Quite frankly, there is absolutely no way nor any reason for me to delve into an in-depth analysis of The Sopranos at length. I recognize I am quite a few years behind the times and I am certain no one is holding their breath for a Bunnylogue review of 7 seasons of murderous mafia magic. So as much as I would like to, I will refrain from doing that. What I simply cannot abstain from doing. however, is paying tribute to (I know I may have uttered this a few times before but for real this time), what I can truly say is one of the best premium cable shows I have seen to date.
It is nearly impossible for me to rank the best episodes, the most provoking scenes or sexiest mafia-rific hook-ups with any semblance of finiteness. There are simply too many to recount. But even though it is far too vast and brilliant a series to justly do so, please indulge me while I stream-of-consciousness-ly pay tribute to a few top-of-mind moments of sheer genius experienced along my Sopranos journey.

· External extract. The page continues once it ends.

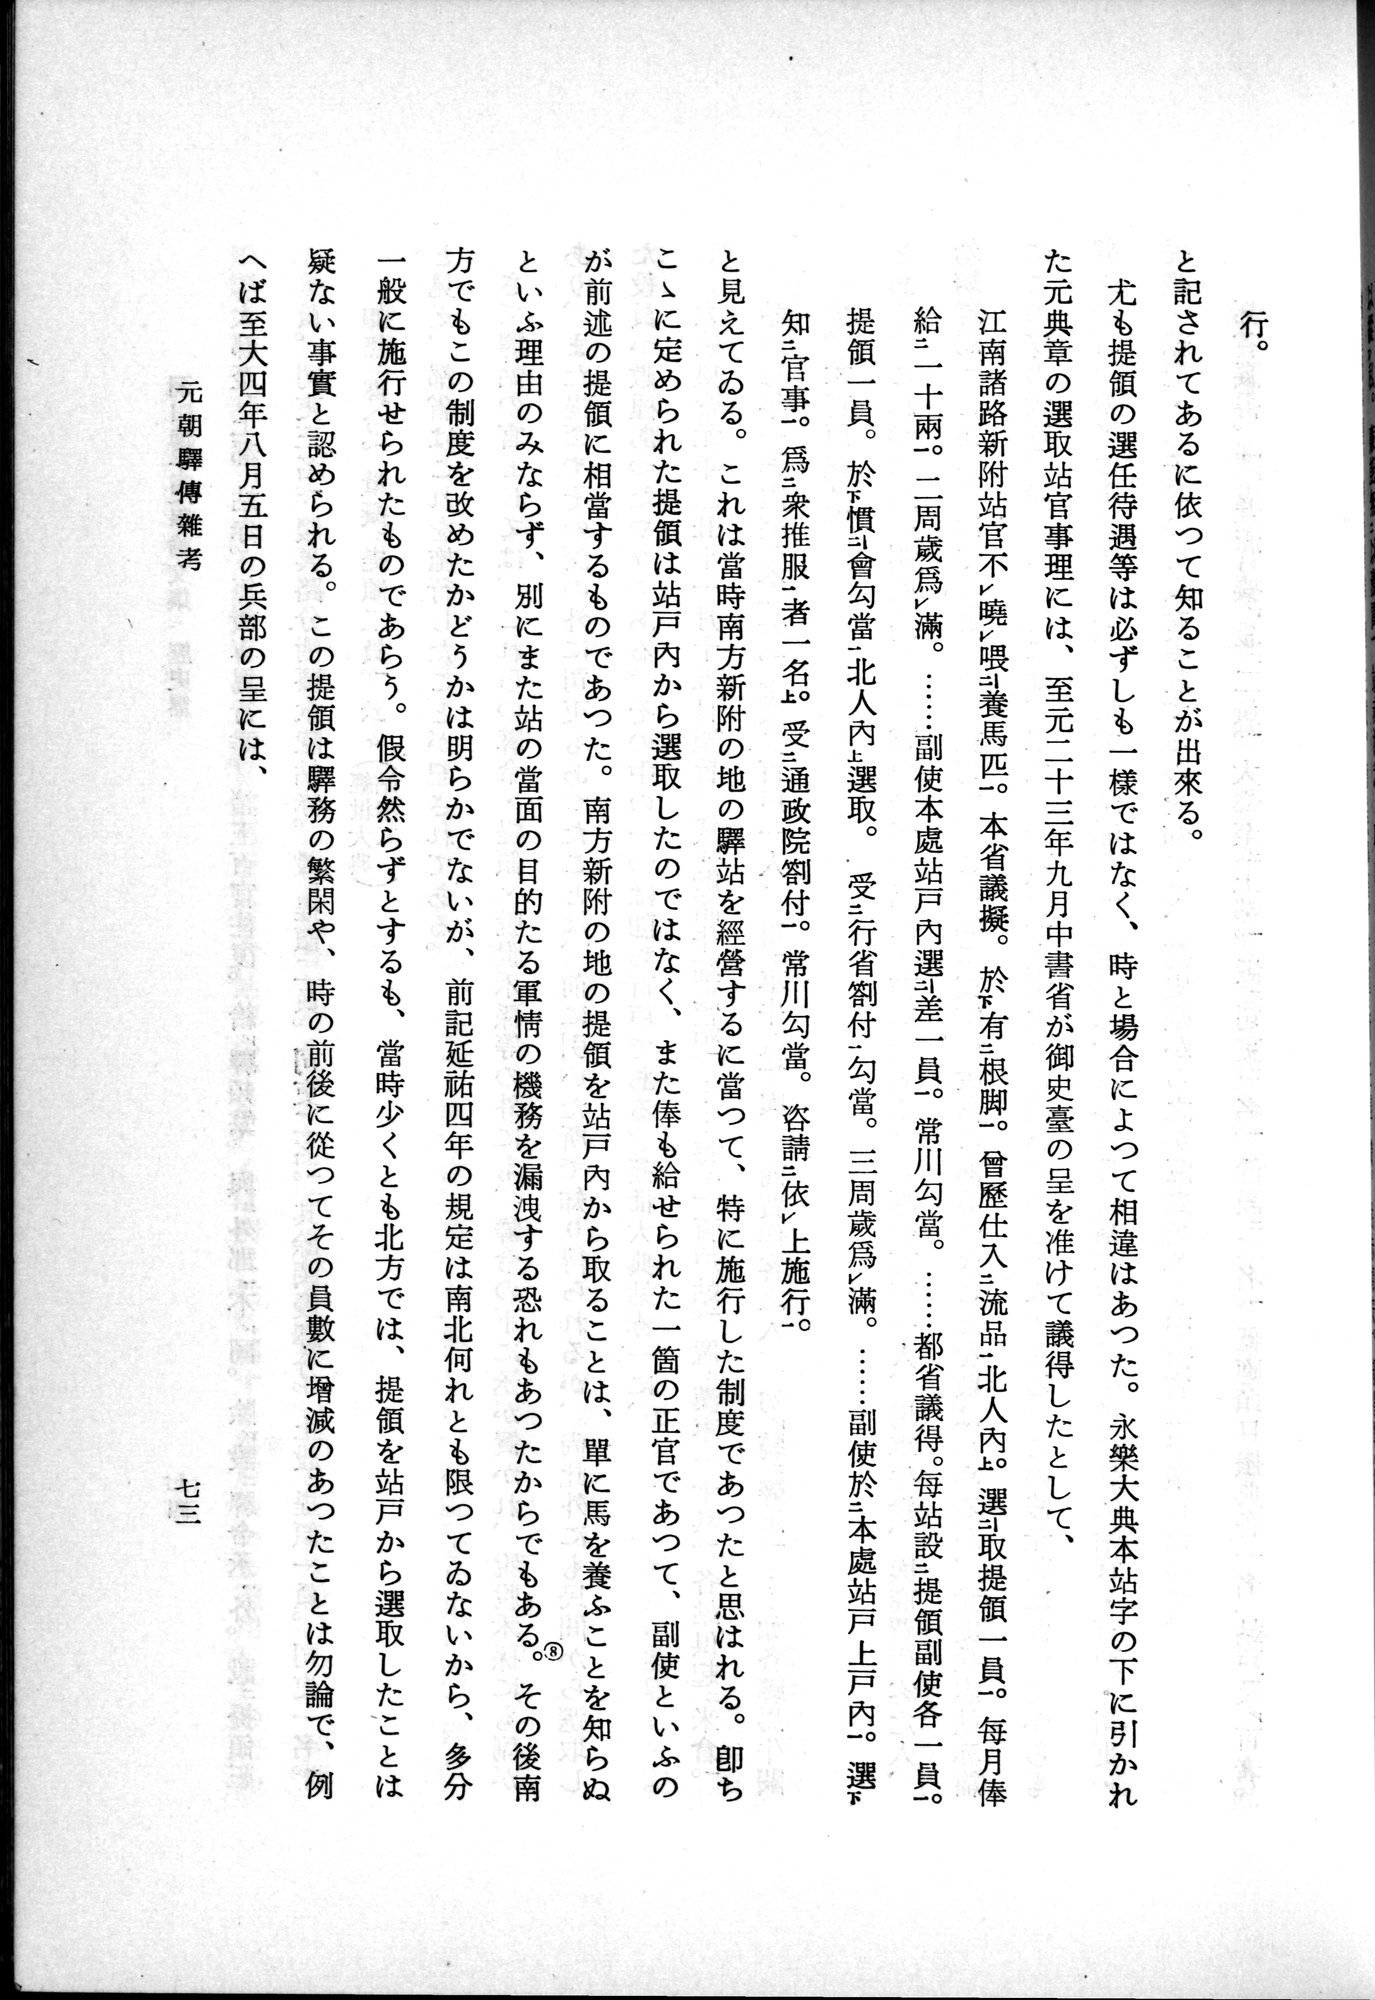 羽田博士史学論文集 : vol.1 / Page 111 (Grayscale High Resolution Image)

Season 1 - College. I wrote about this in a previous post so please accept my apologies for repetitive writing but the chemistry between Carmela (Falco) and Father Phil Intinola (Falco's clear personal comrade Paul Schultze) is electric. The scenes between the two characters are electrifying... an in-home communion over the fire, home-cooked Italian meal shared between the good Catholic wife and her priest combined with altogether too much wine. What an absolutely breathtaking sixty minutes. It was the first that truly captivated me.
Season 3 - Employee of the Month. As if Lorraine Bracco really needed to prove her brilliance on-screen any more than she already had up until this point. Although difficult to watch Dr. Melfi get brutally raped, the depth of character portrayed during this episode was magnificent. Melfi showed a side of herself that we were never previously allowed to witness: vulnerability. I salute you, Lorraine Bracco. You. Are. Brilliant.
Season 4 - Whitecaps. Un-fucking-believable. You always felt Tony and Carmela were one day just going to burst at the seams in rage at each other. Or should I say, Carmela to Tony. The tension until now was, needless to say, palpable to the point of uncomfort. Tony's never-ending lies, his incessant cheating and temper... you prayed for her to finally lose it at him. And finally, in this hour plus episode, she does just that. The heat of Carmela's anger burned me through the screen of my iPad. If only all acting could be that fucking real.
Season 5 - Two Tonys. As I have no doubt many others did, I always prayed Tony would profess his love and ask Dr. Melfi to be with him. Taboo as we all knew it was, certain as we were she would say no, there was still that somehow guilty desire to watch doctor and patient duke out the off-limits on-screen. Watching Tony desperately plead for Bracco's Melfi to give him a chance as something other than her patient was so oddly fulfilling. Although she predictably turns down the offer, the episode at last quiets the latent desire... both his and ours. And the kiss. Yeesh.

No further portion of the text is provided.